Transcribe, exactly and without pictures, the lines below from the line with "STABILO Pen 68 Brush - Viltstift - Lila (58)" to the line with "Fairhaven Health Fertilecm", both ends included, and no others.

TASK DATA:

◆ ◆ ◆

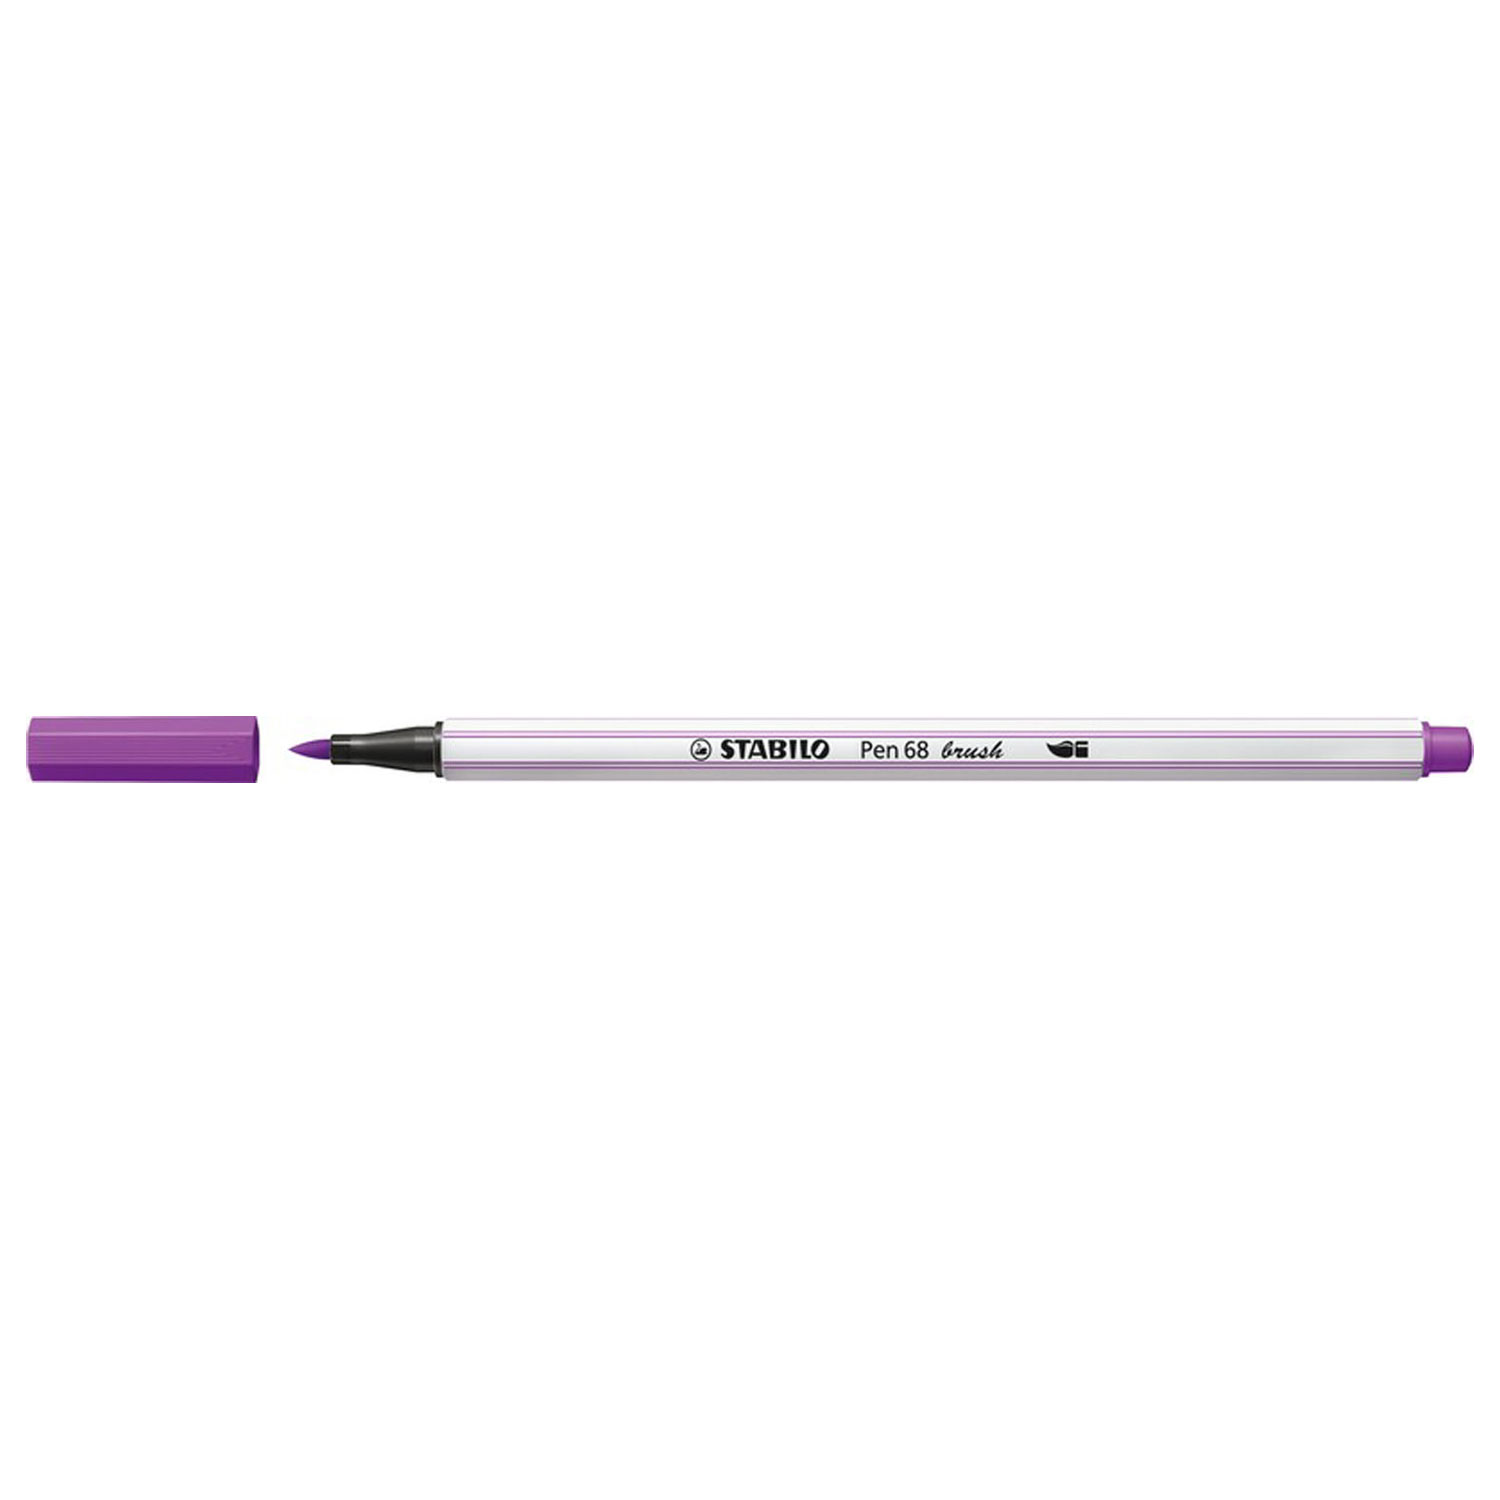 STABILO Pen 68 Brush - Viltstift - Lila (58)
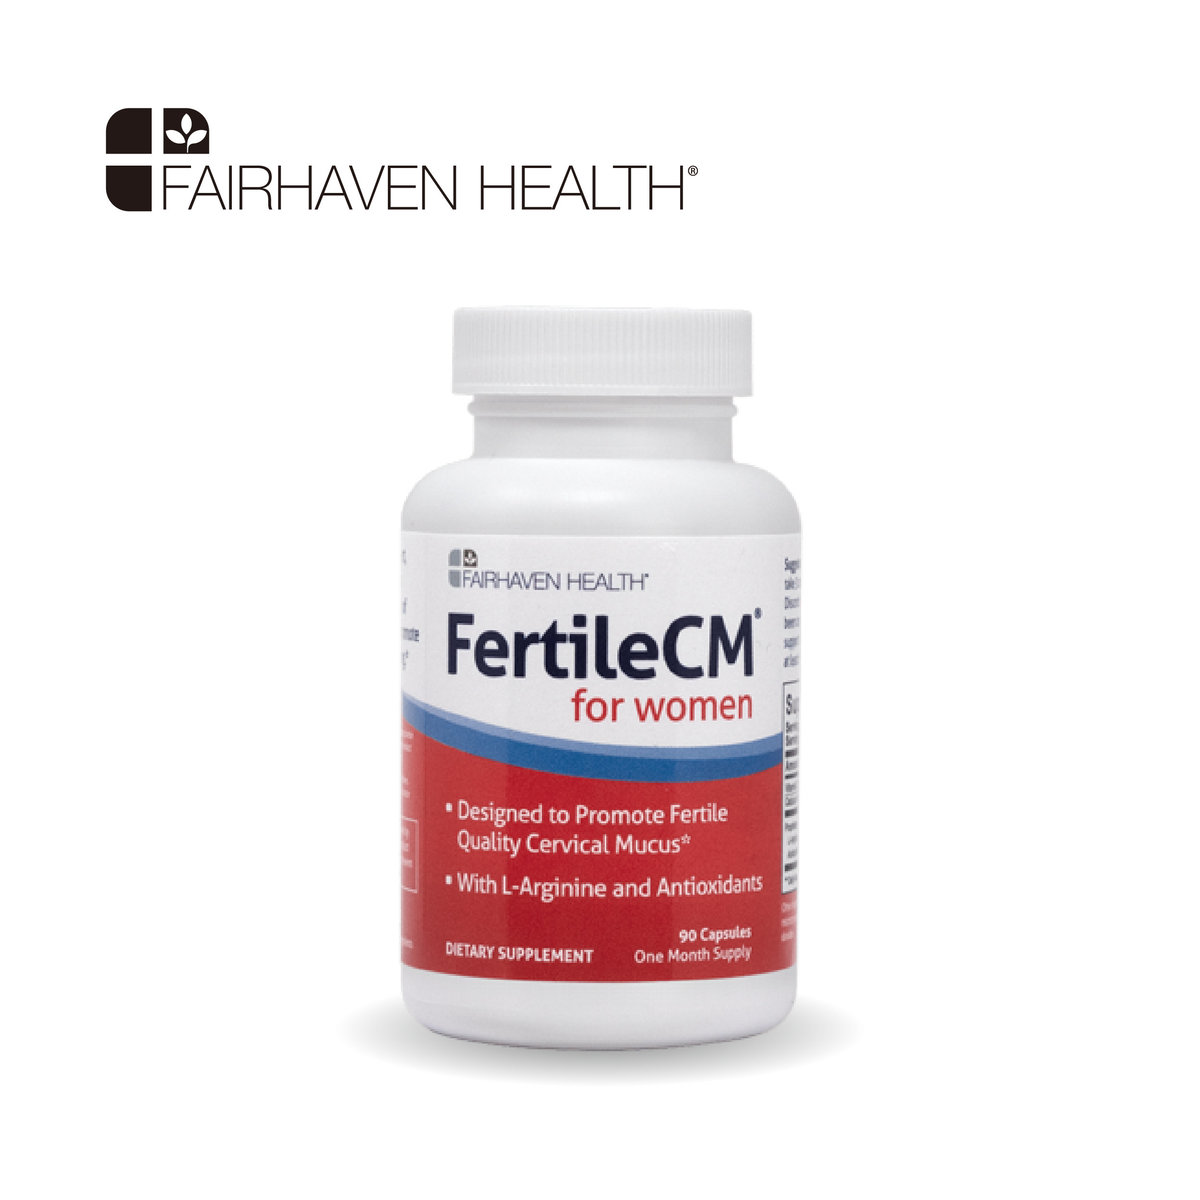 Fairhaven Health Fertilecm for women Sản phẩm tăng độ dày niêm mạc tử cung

◆ ◆ ◆

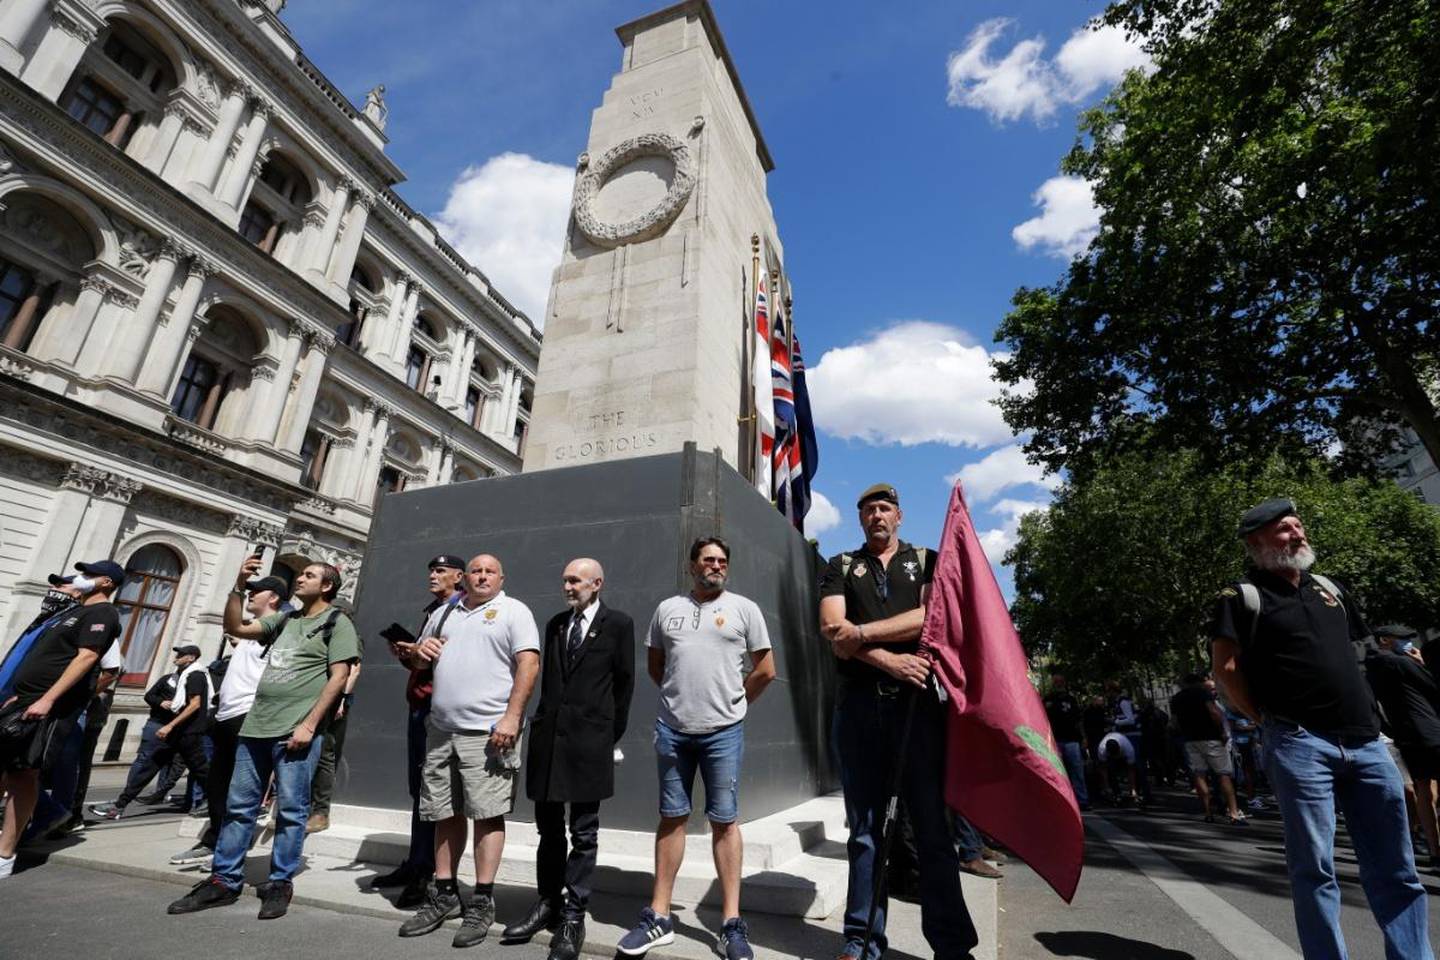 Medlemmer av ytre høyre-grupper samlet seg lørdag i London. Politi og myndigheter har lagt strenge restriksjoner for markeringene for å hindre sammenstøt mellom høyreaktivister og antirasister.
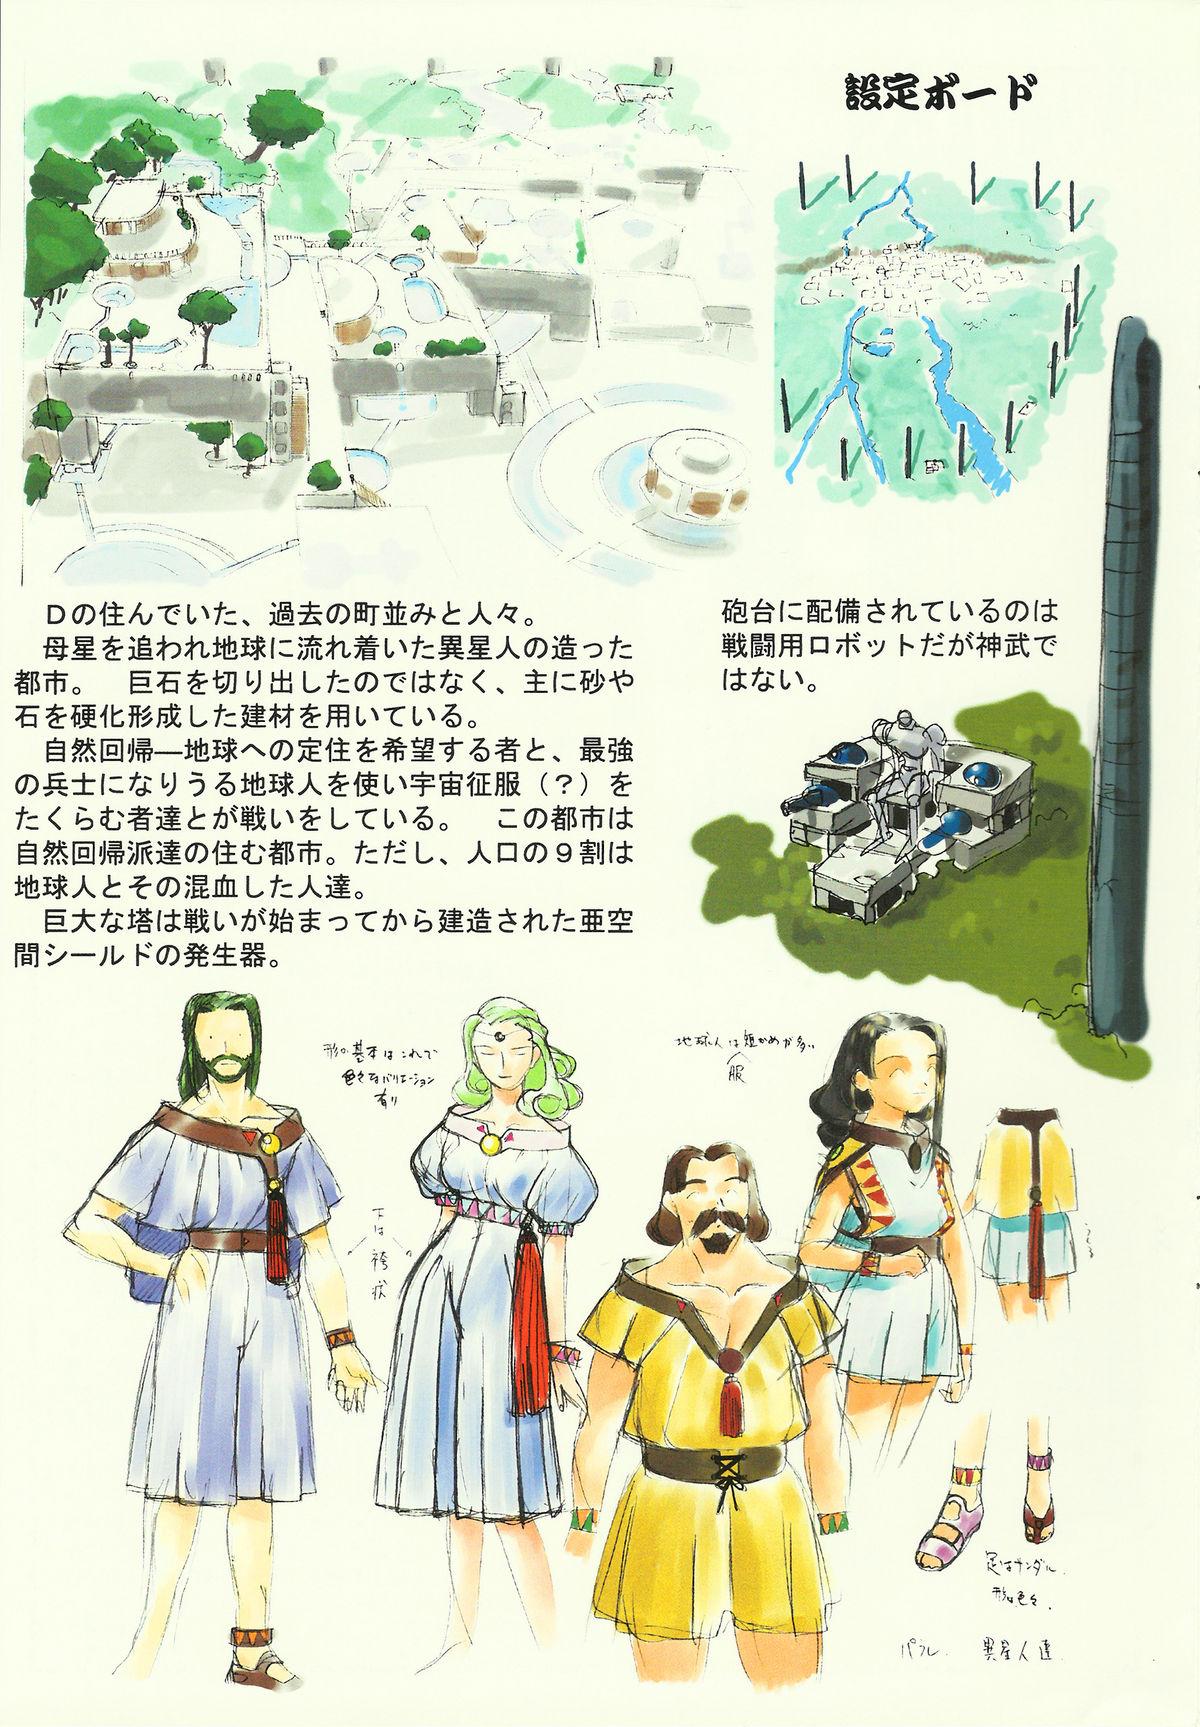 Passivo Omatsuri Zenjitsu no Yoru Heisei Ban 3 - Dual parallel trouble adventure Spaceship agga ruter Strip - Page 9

◆ ◆ ◆

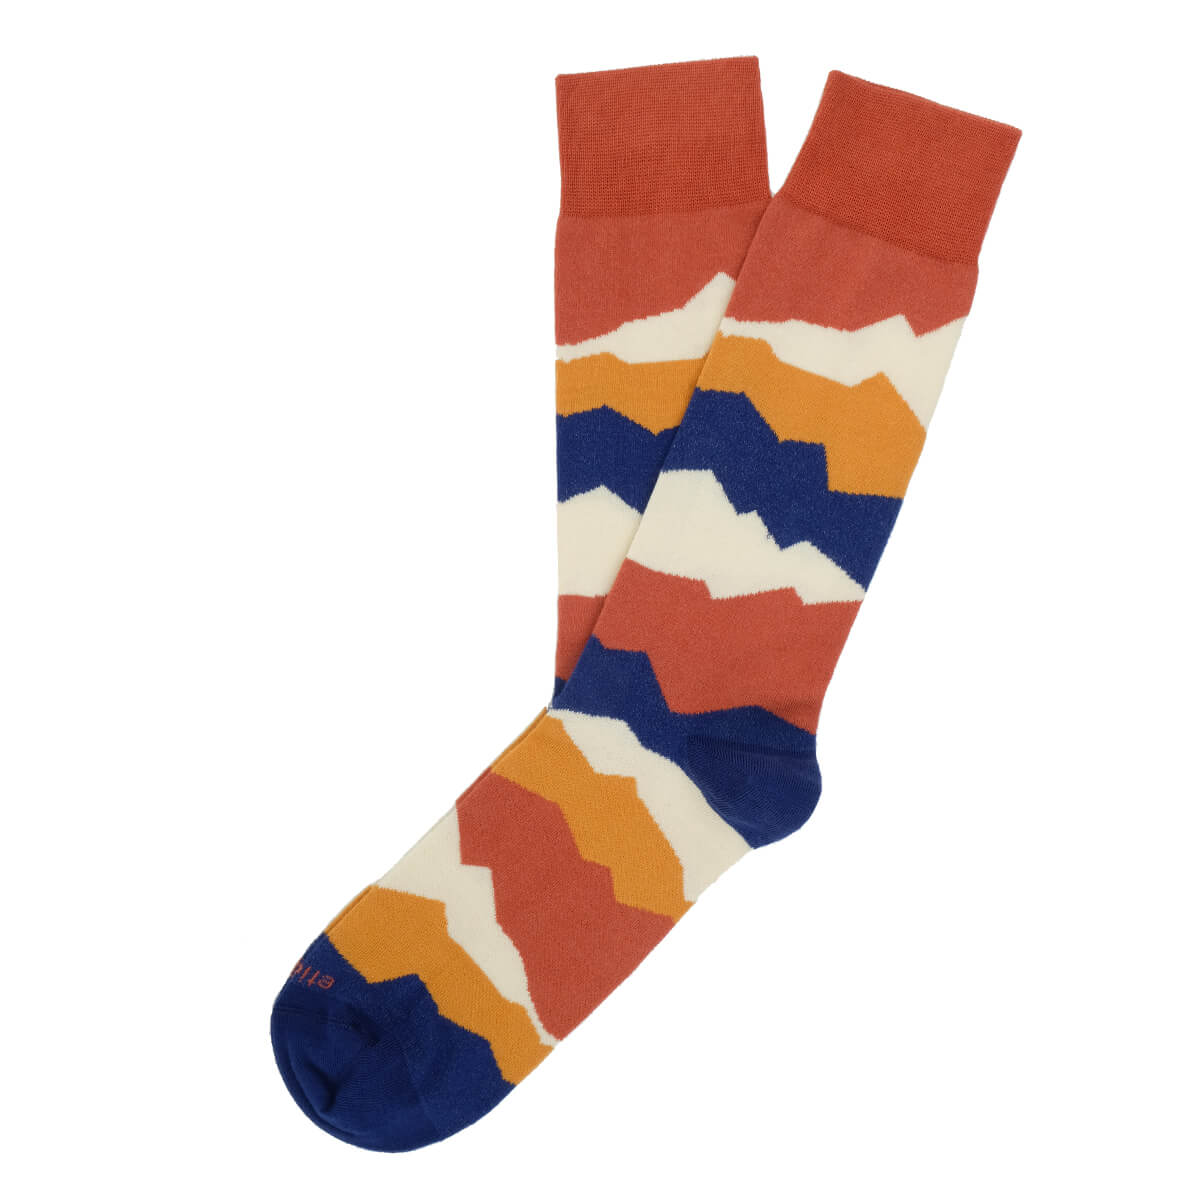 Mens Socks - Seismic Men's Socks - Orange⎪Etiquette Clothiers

◆ ◆ ◆

COMPLETED EXERCISE:
 STABILO Pen 68 Brush - Viltstift - Lila (58)
 Fairhaven Health Fertilecm for women Sản phẩm tăng độ dày niêm mạc tử cung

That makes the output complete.